Thomas Doret’s performance as Cyril makes the acting of the youngsters in American films that I’ve recently seen – in Extremely Loud and Incredibly Close, let alone Hugo and We Bought a Zoo – look crude and shallow. He has a documentary realness but he’s fluently and dramatically expressive too. With the possible exception of the sequence in which Cyril goes to Wes’s place and sits playing on his PlayStation, the Dardennes in this movie are never merely observational. Cécile de France is wonderful as Samantha. This actress can clearly be glamorous but here she’s utterly natural as a still young woman whose beauty is shadowed by unexplained disappointments. Samantha is decent and determined. She also realises that Cyril is capable of changing her life in a way that her boyfriend Gilles (Laurent Caron) can’t – you get the sense he’s the latest of a series of relationships that haven’t quite worked out. The gradual tracking down of Cyril’s father means that, by the time he first appears, you’ve built up considerable interest in what he’s like. Jérémie Renier is extraordinarily good in the role. You see the weakness of Guy’s character but you also see his charm and why Cyril might idolise him. Guy is so feeble that he asks Samantha to tell Cyril he doesn’t want to see him again; the father’s cruelty is more powerful because it’s obviously the result of cowardice rather than malice aforethought but Renier doesn’t overdo Guy’s invertebracy. In this case too, the character is more impressive and fascinating for being somewhat opaque – there are no neat backstory explanations of how Samantha and Guy got to be how they are. But you don’t experience this opacity as an evasion on the Dardennes’ part.

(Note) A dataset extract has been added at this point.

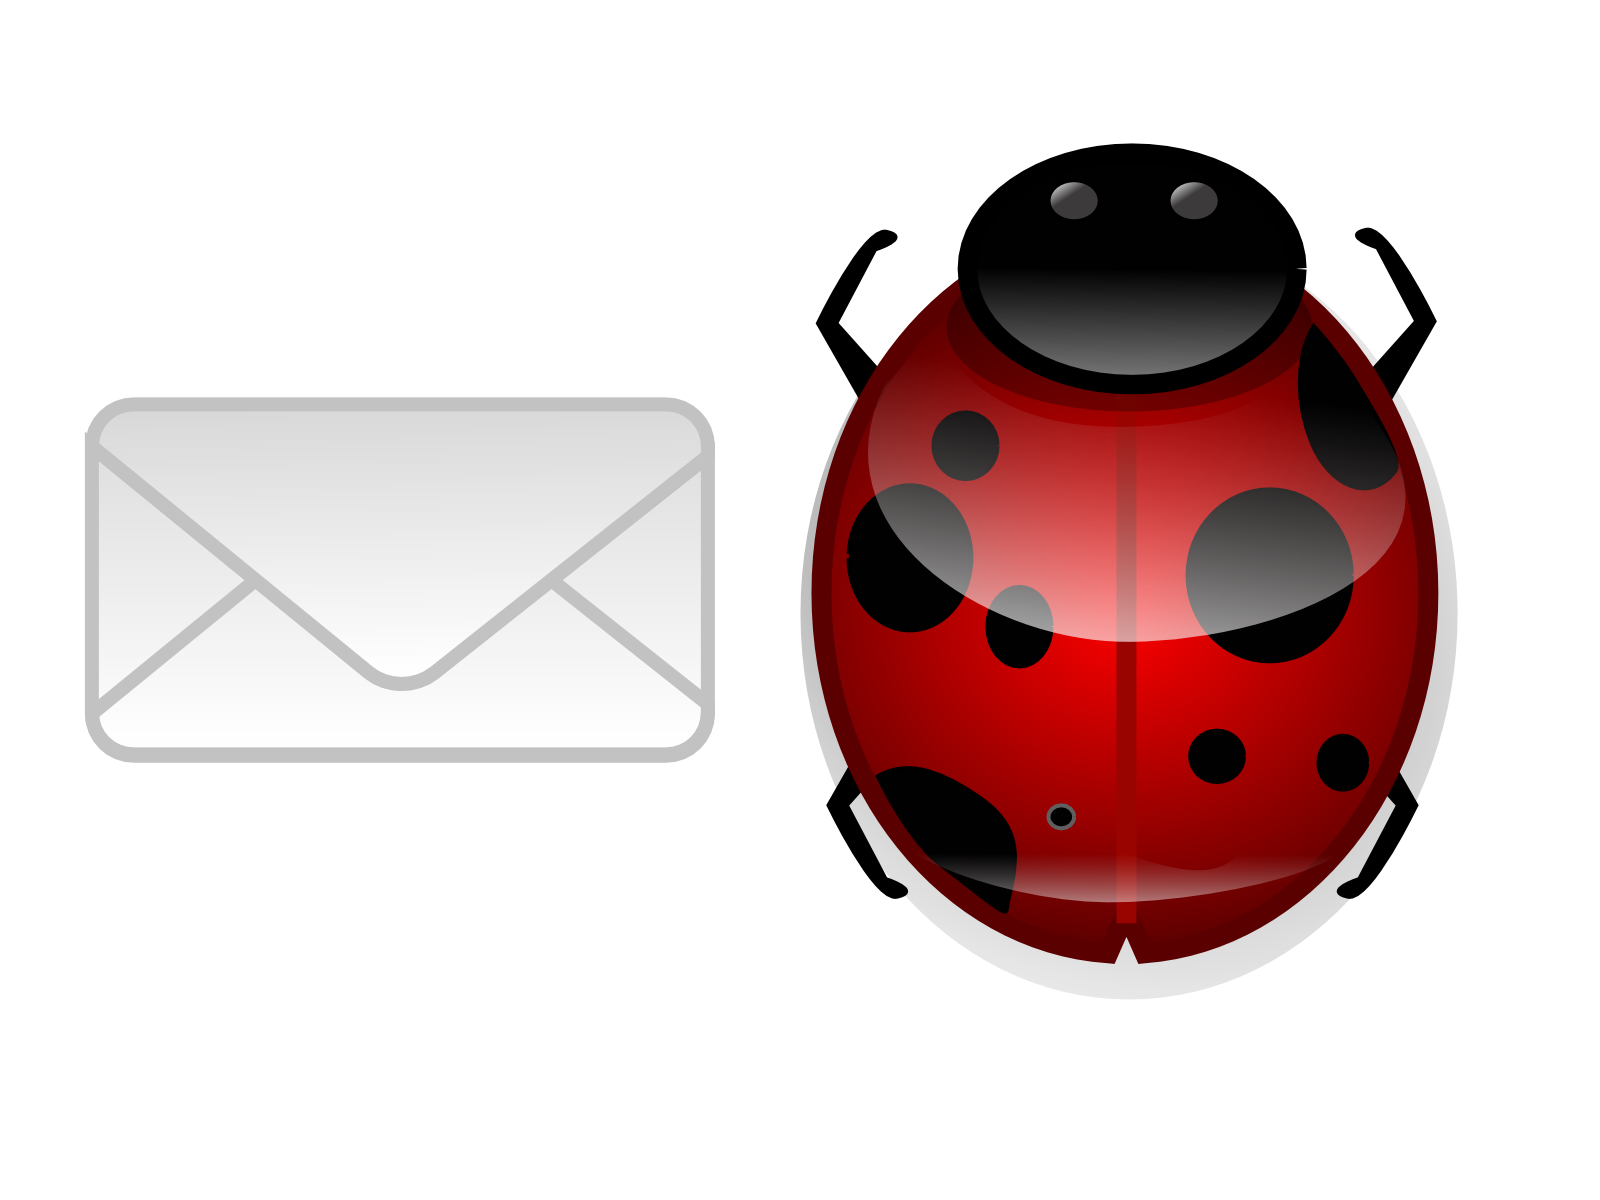 ladybug and mail icons by dakki000 customization icons dock icons 2006 ...

I think foreign language movies are often unfairly and excessively praised in comparison with American ones treating the same subject but The Kid with a Bike is a genuine instance of European film-makers handling material with more subtlety and less sentimentality than would be likely in mainstream (or indie) American cinema. I didn’t like the Dardennes’ The Son and although Rosetta is in many ways strong, The Kid with a Bike seems to me a much suppler piece of cinema. The severely rationed use of music – the same bit of Beethoven virtually dividing the film into chapters – seems arty at the start but, by the end, its insistent brevity is eloquent. The Kid with a Bike may not be as poetic as the distinguished predecessors to which it evidently nods – Bicycle Thieves and The Four Hundred Blows – but it’s a very good film and a highly engaging piece of social realism.